When we first started 43 Things we placed all our images on every web server. That quickly became annoying to back up (using Amanda), so I moved it all to one machine that the other servers all mounted via NFS. Eventually we ran out of disk and needed something I wouldn’t need to touch for a long time, so I chose MogileFS.
Since there wasn’t a MogileFS library for Ruby I wrote mogilefs-client. Now I needed a way to get the images back out.
FastCGI wasn’t fast enough, copying the image into the process before sending was a big performance hit. Using mod_ruby created httpd processes that were much too large. The best way to go was a web server using sendfile() that I could easily map URIs to MogileFS keys.
Ordinarily Perlbal is used with MogileFS, but Perlbal disagrees with FreeBSD. Rather than trying to fix perl modules I decided to use WEBrick instead. WEBrick already had all the important features of Perlbal with the exception of sendfile() and I had a minty-fresh MogileFS library for ruby.
First, I wrote socket_sendfile (but later learned about ruby-sendfile which supports more platforms) and integrated it with WEBrick. Then I wrote a WEBrick servlet to map URIs into MogileFS keys that would then turn around and send the file to the client using sendfile().
With this setup I managed to get about half as fast as Apache serving raw files but the load was too high for a single process WEBrick server. To distribute the load I reworked the default WEBrick server to fork multiple processes all listening on the same server socket. We ended up with each of our four servers running eight WEBrick processes.
Adding support for If-Modified-Since also improved image serving speeds, but wasn’t quite enough, so I threw in a dirty trick.
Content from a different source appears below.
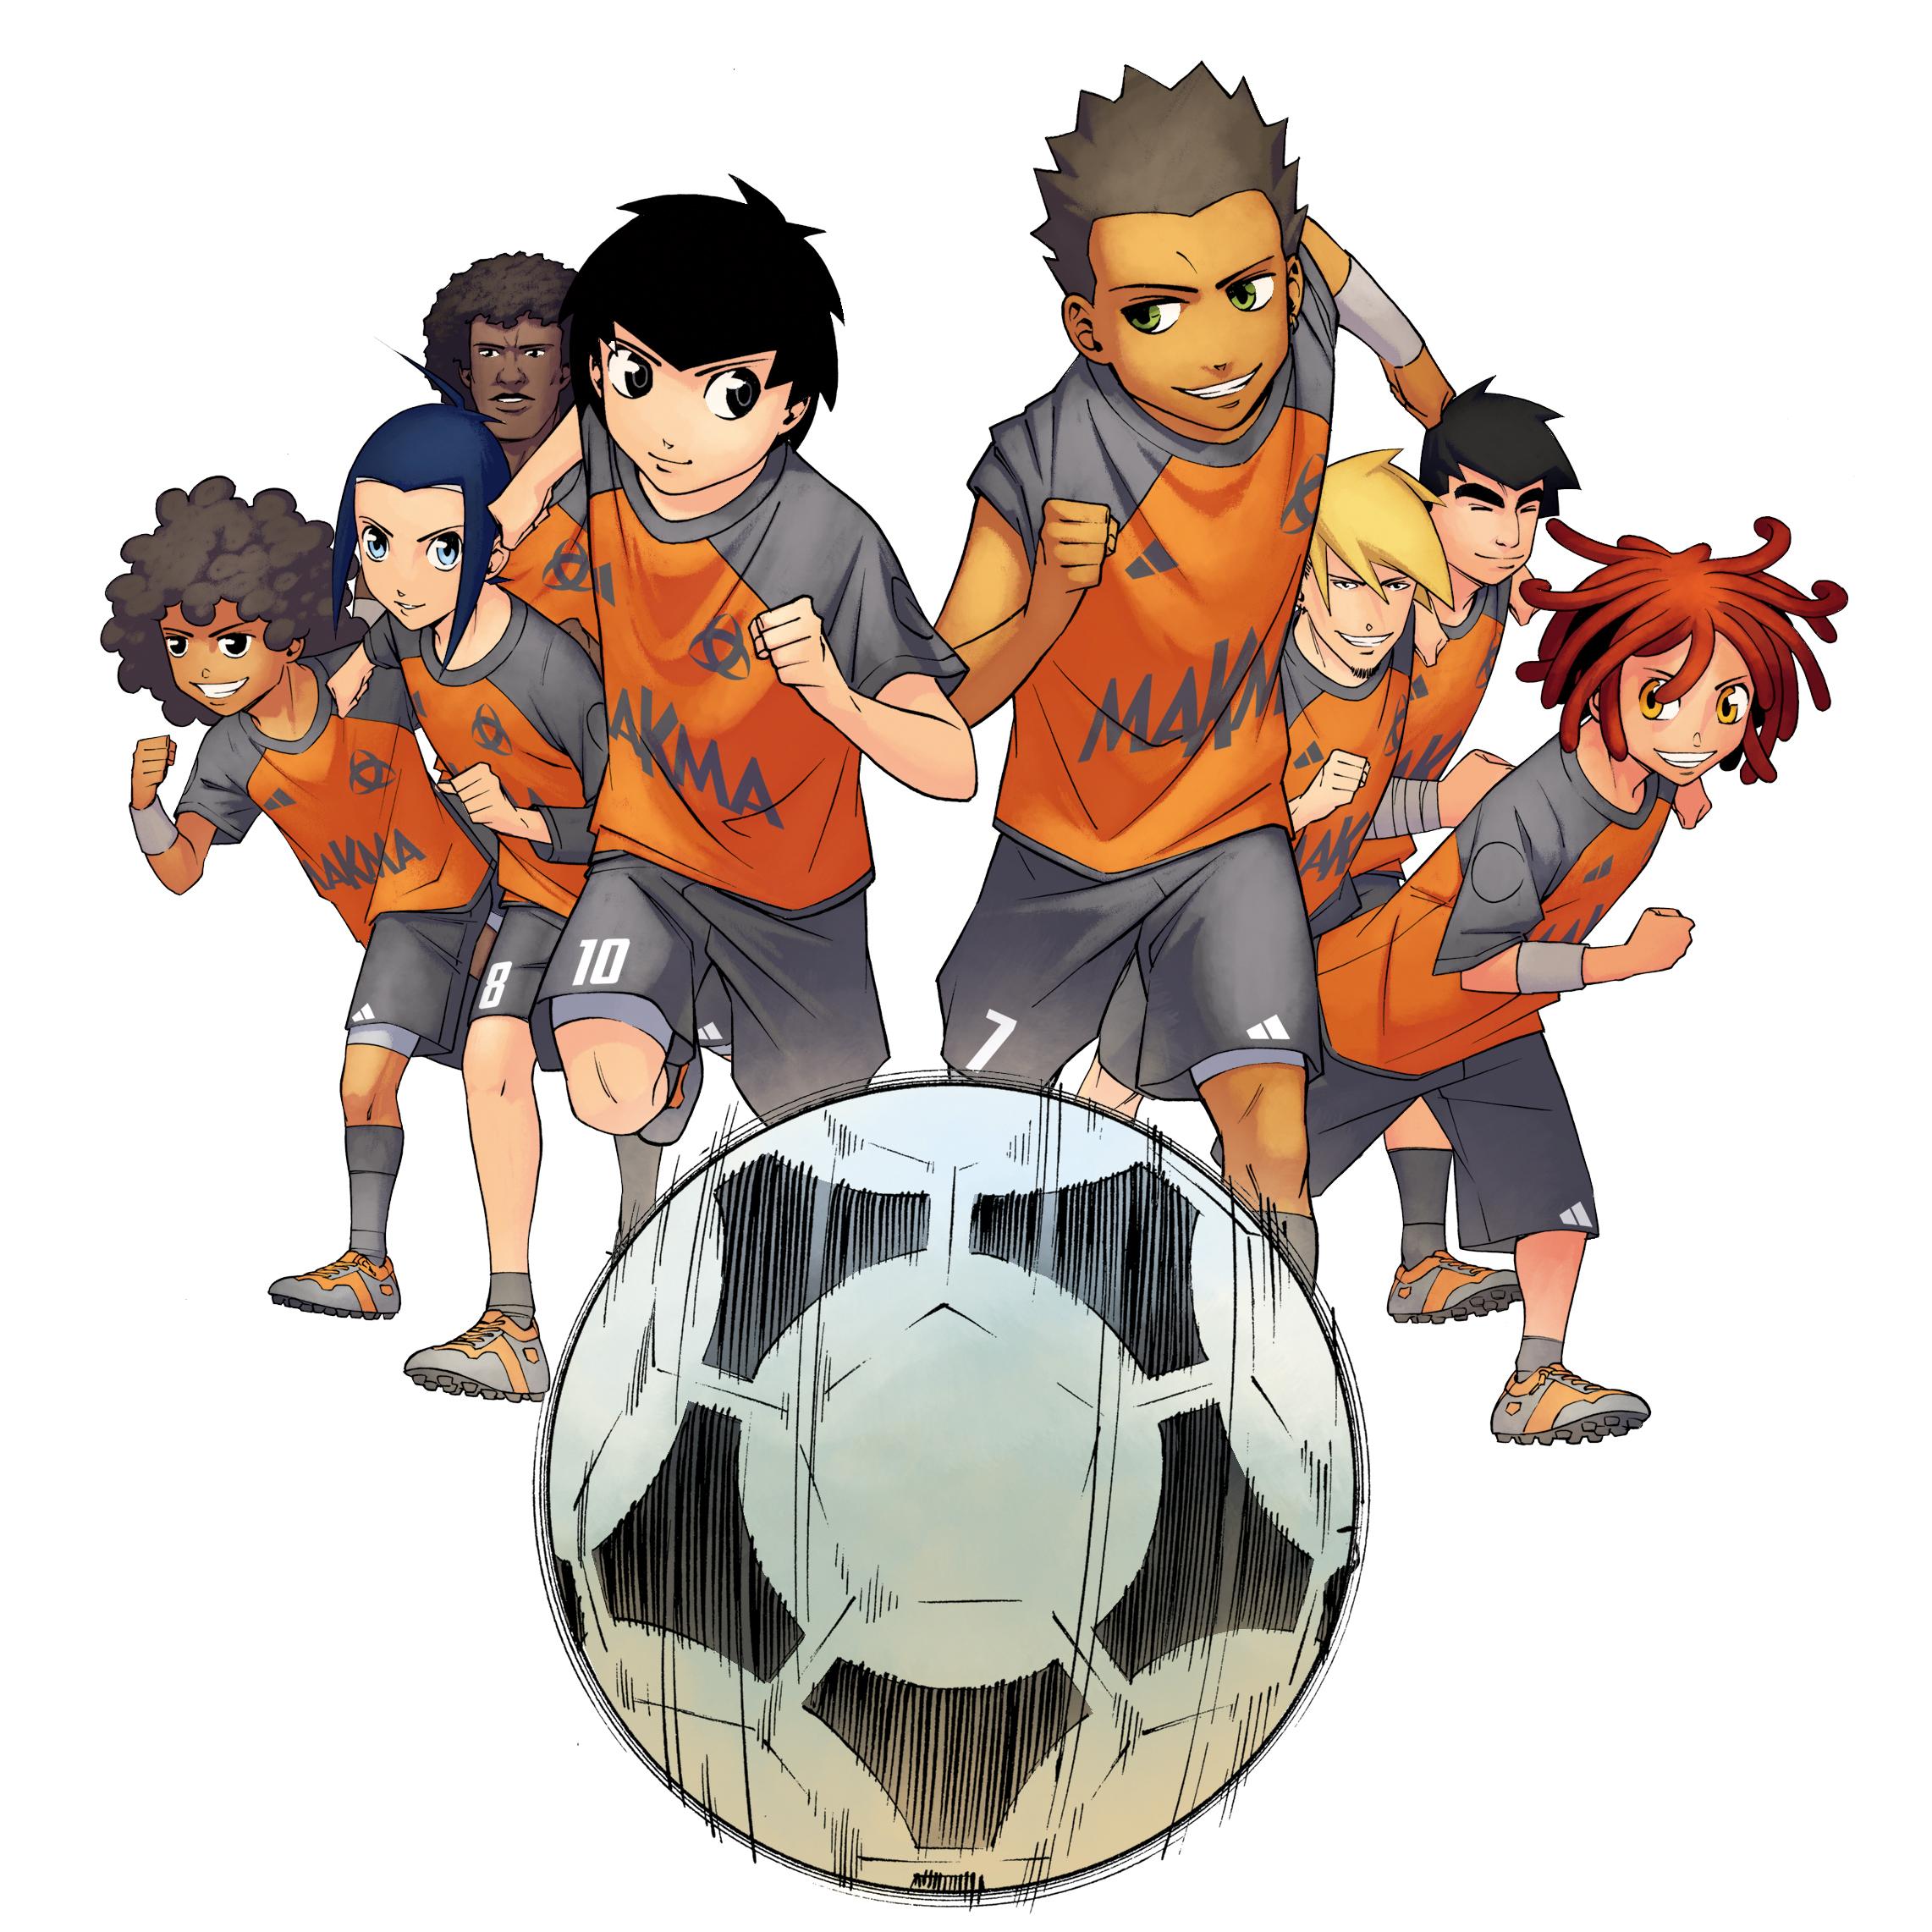 L 39 quipe z bient t le tome 2 du manga foot flibusk - Dessin equipe de foot ...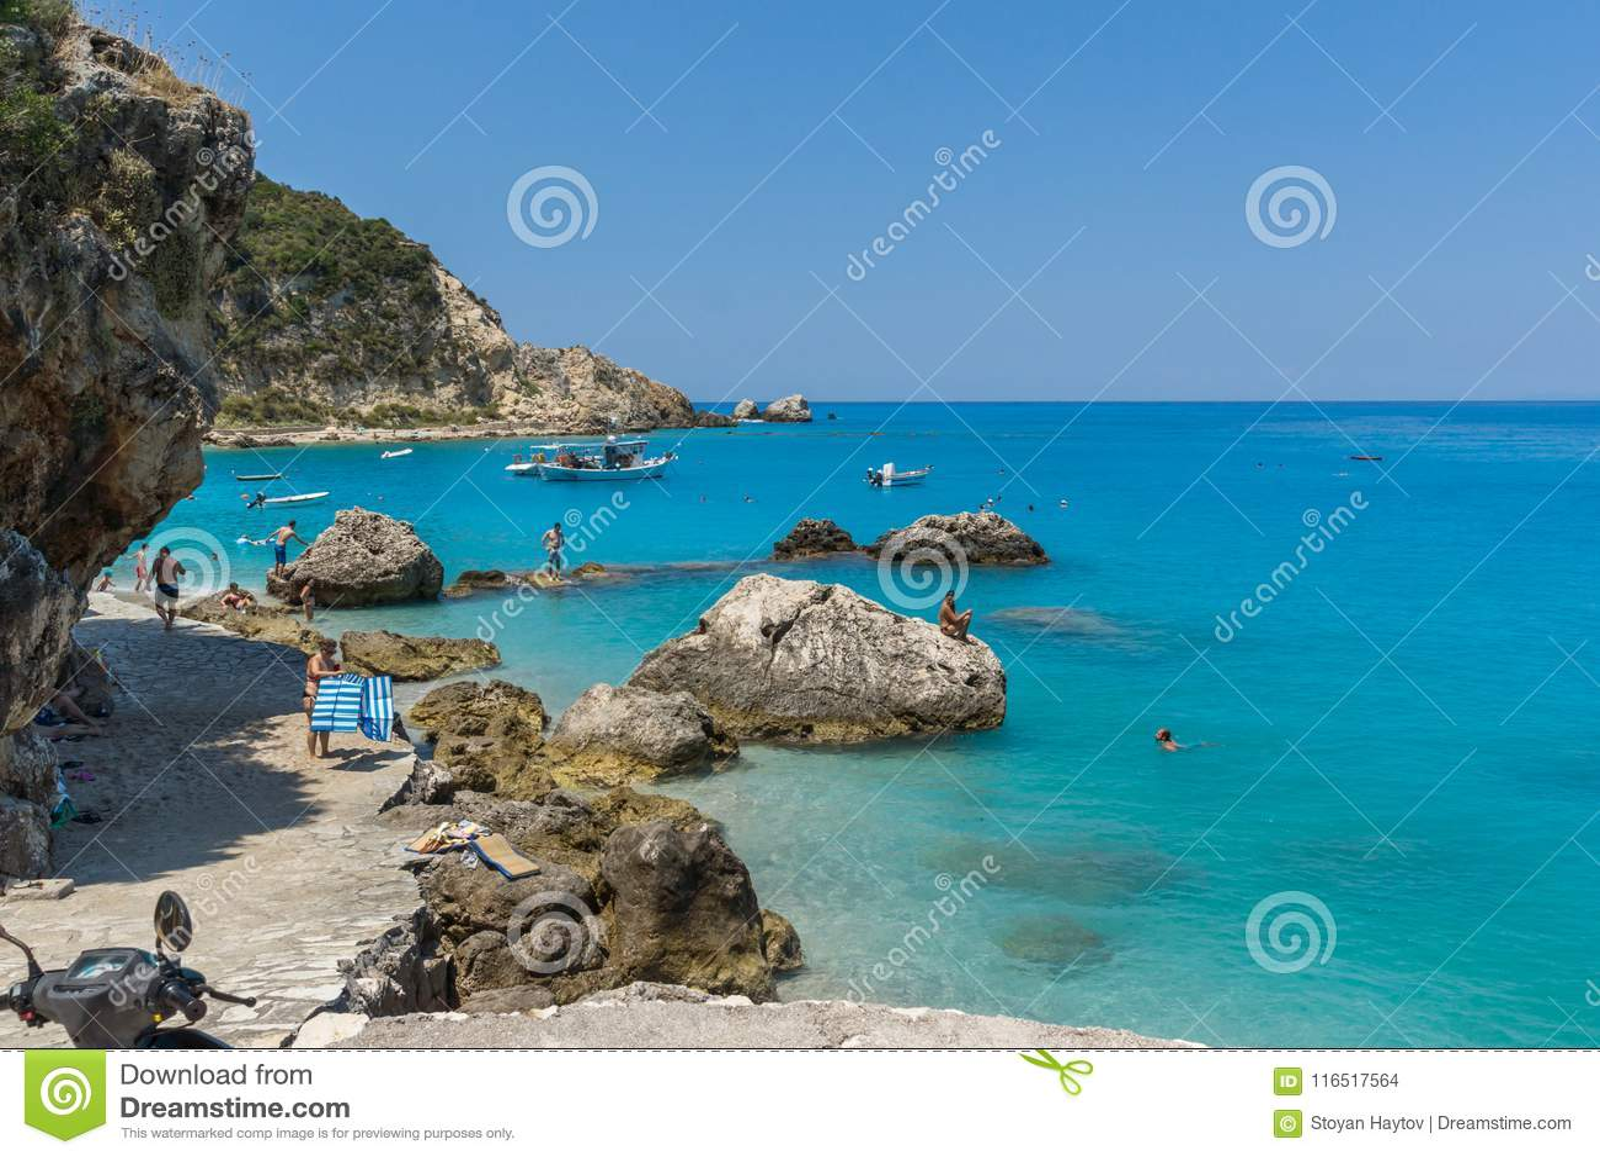 Touristes visitant la plage du village d Agios Nikitas, Leucade, îles ioniennes, Gree

Instead of going to MogileFS to verify the image on an If-Modified-Since request I just return a 304 immediately. I can trust the web browser to do the right thing and save myself a trip to MogileFS and a stat() since our images won’t disappear unless their links also disappear.
The last two tricks I used to speed-up WEBrick was disabling access logging and giving WEBrick a dedicated IP via the load balancer. Removing the extra work of logging hits resulted in a significant speedup, around twenty percent. Running requests directly to WEBrick was another twenty percent speedup since we weren’t running through Apache’s mod_proxy.
I’ve packaged up all my WEBrick speed-ups into the webrick-high-performance gem. Unfortunately the sendfile() code is still FreeBSD-specific. (I don’t have a Linux machine so I can’t test a socket_sendfile written for Linux.)
In order to get some speed back I’m using a sendfile(2) extension written using RubyInline. Due to the double-dispatch images end up being noticable slower, but at least I won’t have to restart whole webservers every couple hours to get images back on track.